Question 14.8: Transistor Sizing of a CMOS Gate Provide transistor W/L rati...
Transistor Sizing of a CMOS Gate
Provide transistor W/L ratios for the logic circuit shown in Fig. 14.36. Assume that for the basic inverter n = 1.5 and p = 5 and that the channel length is 0.25 μm.
Refer to Fig. 14.36, and consider the PDN first. We note that the worst case occurs when QNB is on and either QNC or QND is on. That is, in the worst case, we have two transistors in series.
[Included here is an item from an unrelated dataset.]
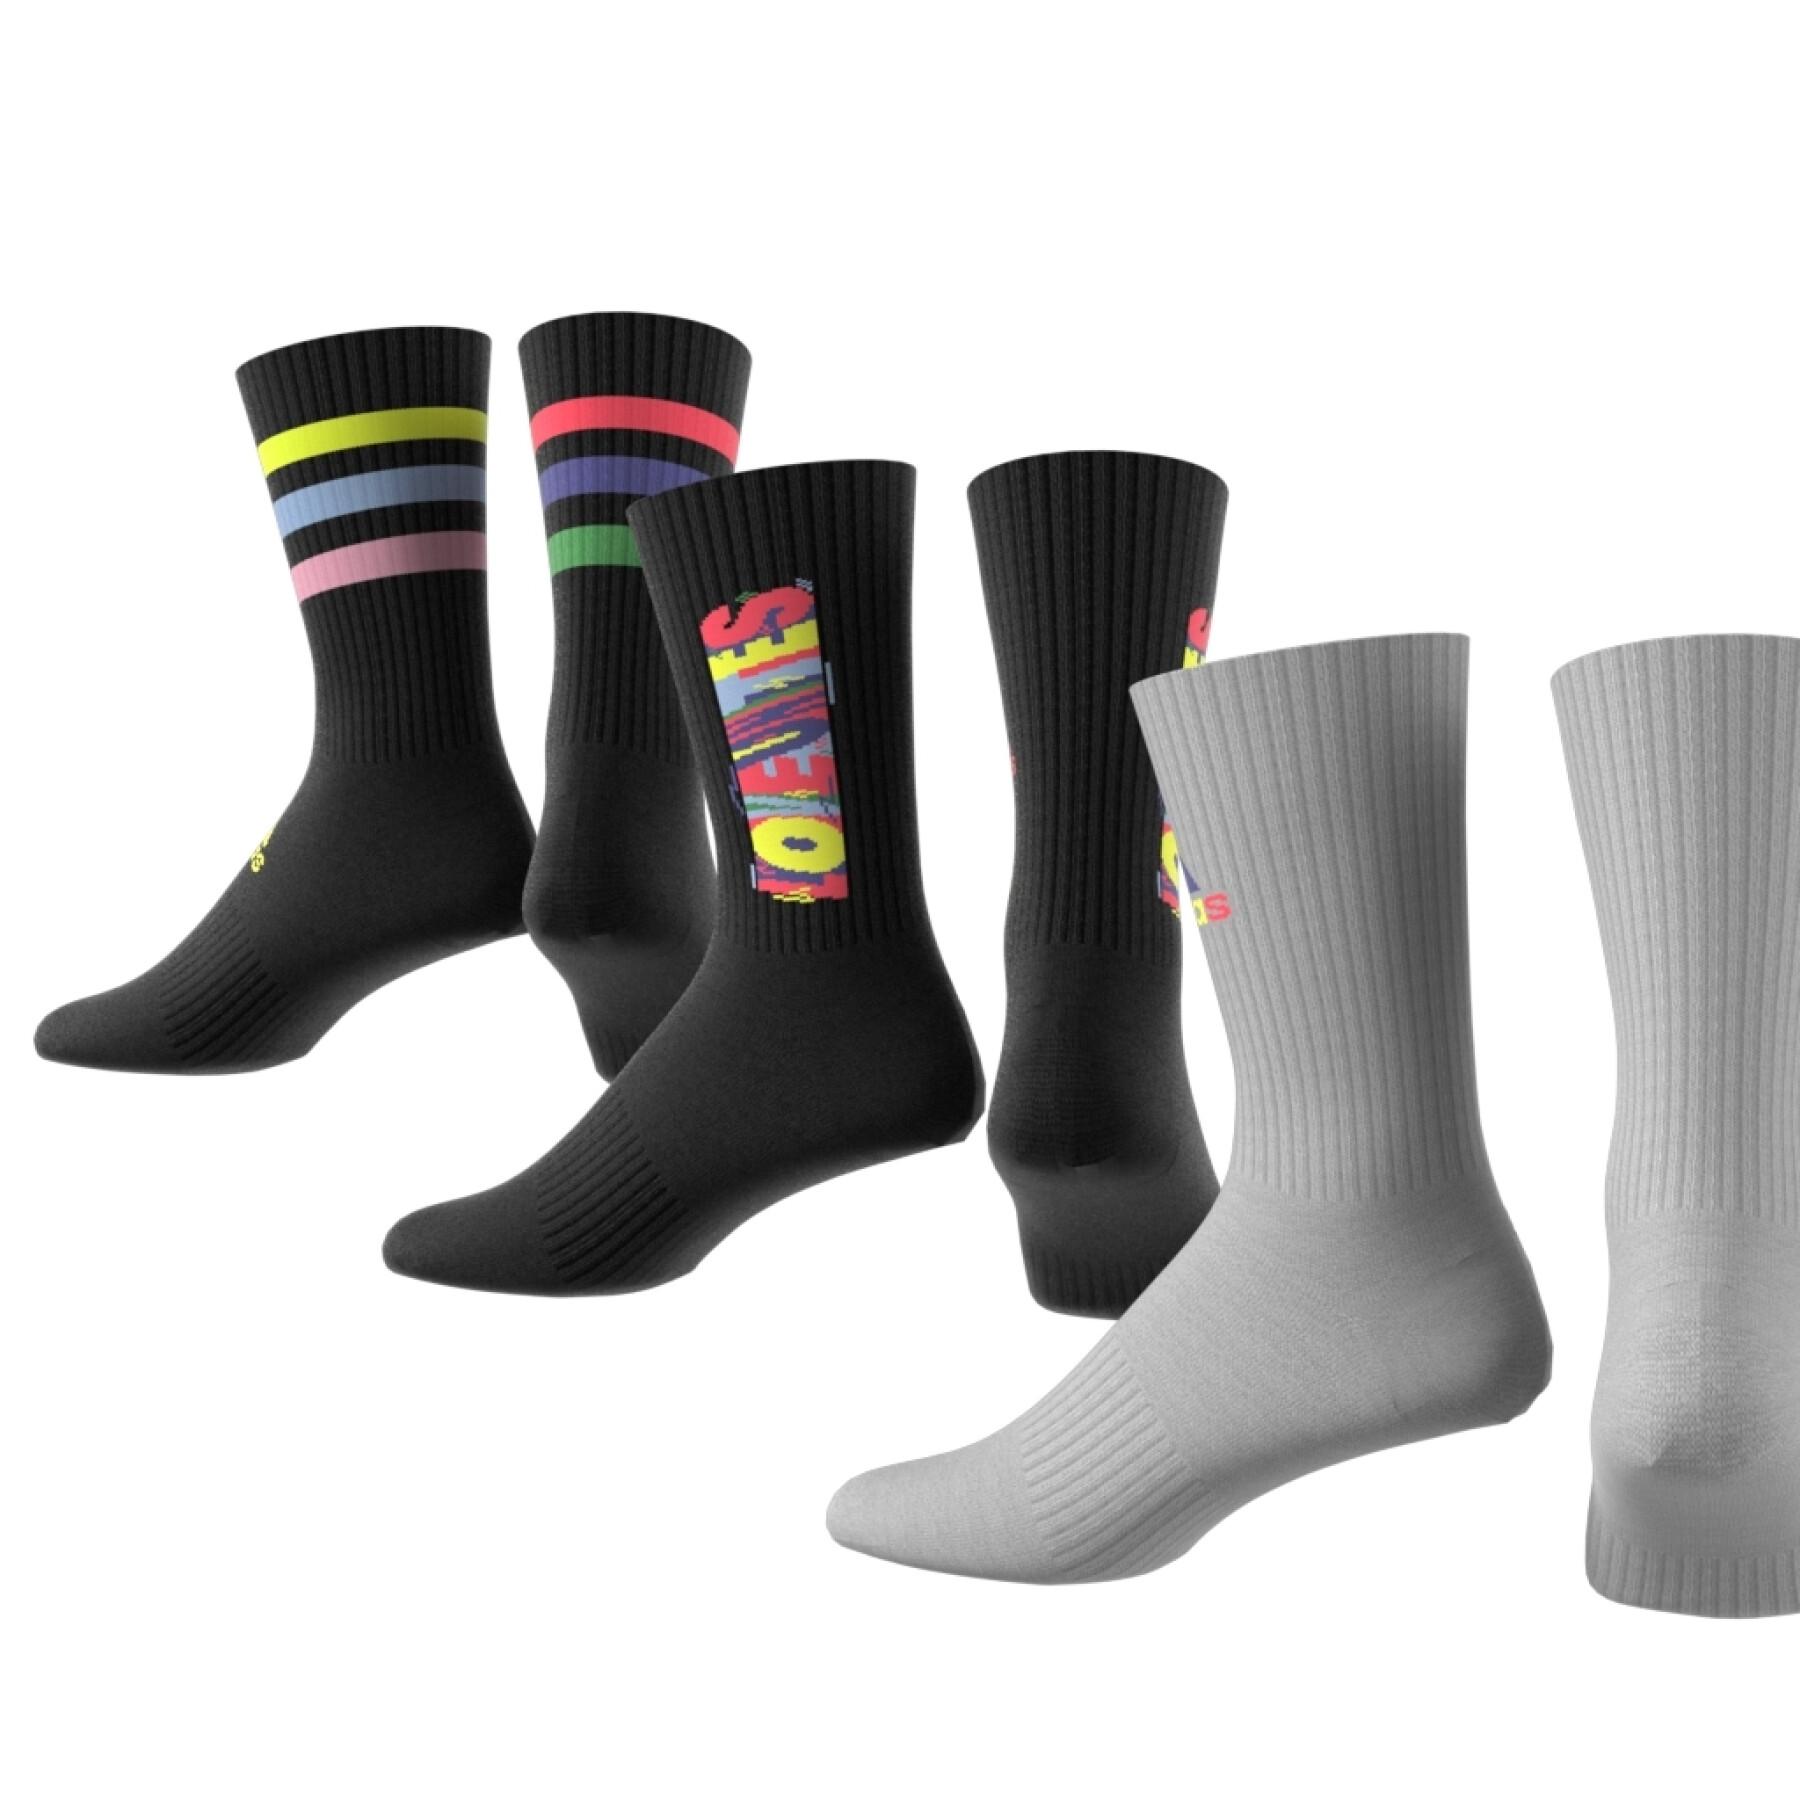 Pack of 3 pairs of mid-calf socks adidas Love Unites

Therefore, we select each of QNB, QNC, and QND to have twice the width of the n-channel device in the basic inverter, thus
QNB: W/L = 2n = 3 = 0.75/0.25
QNC: W/L = 2n = 3 = 0.75/0.25
QND: W/L = 2n = 3 = 0.75/0.25
For transistor QNA, select W/L to be equal to that of the n-channel device in the basic inverter:
QNA: W/L = n = 1.5 = 0.375/0.25
Next, consider the PUN. Here, we see that in the worst case, we have three transistors in series: QPA, QPC, and QPD. Therefore, we select the W/L ratio of each of these to be three times that of QP in the basic inverter, that is, 3p, thus
QPA: W/L = 3p = 15 = 3.75/0.25
QPC: W/L = 3p = 15 = 3.75/0.25
QPD: W/L = 3p = 15 = 3.75/0.25
Finally, the W/L ratio for QPB should be selected so that the equivalent W/L of the series connection of QPB and QPA should be equal to p. It follows that for QPB the ratio should be 1.5p,
QPB: W/L = 1.5p = 7.5 = 1.875/0.25
Figure 14.36 shows the circuit with the transistor sizes indicated.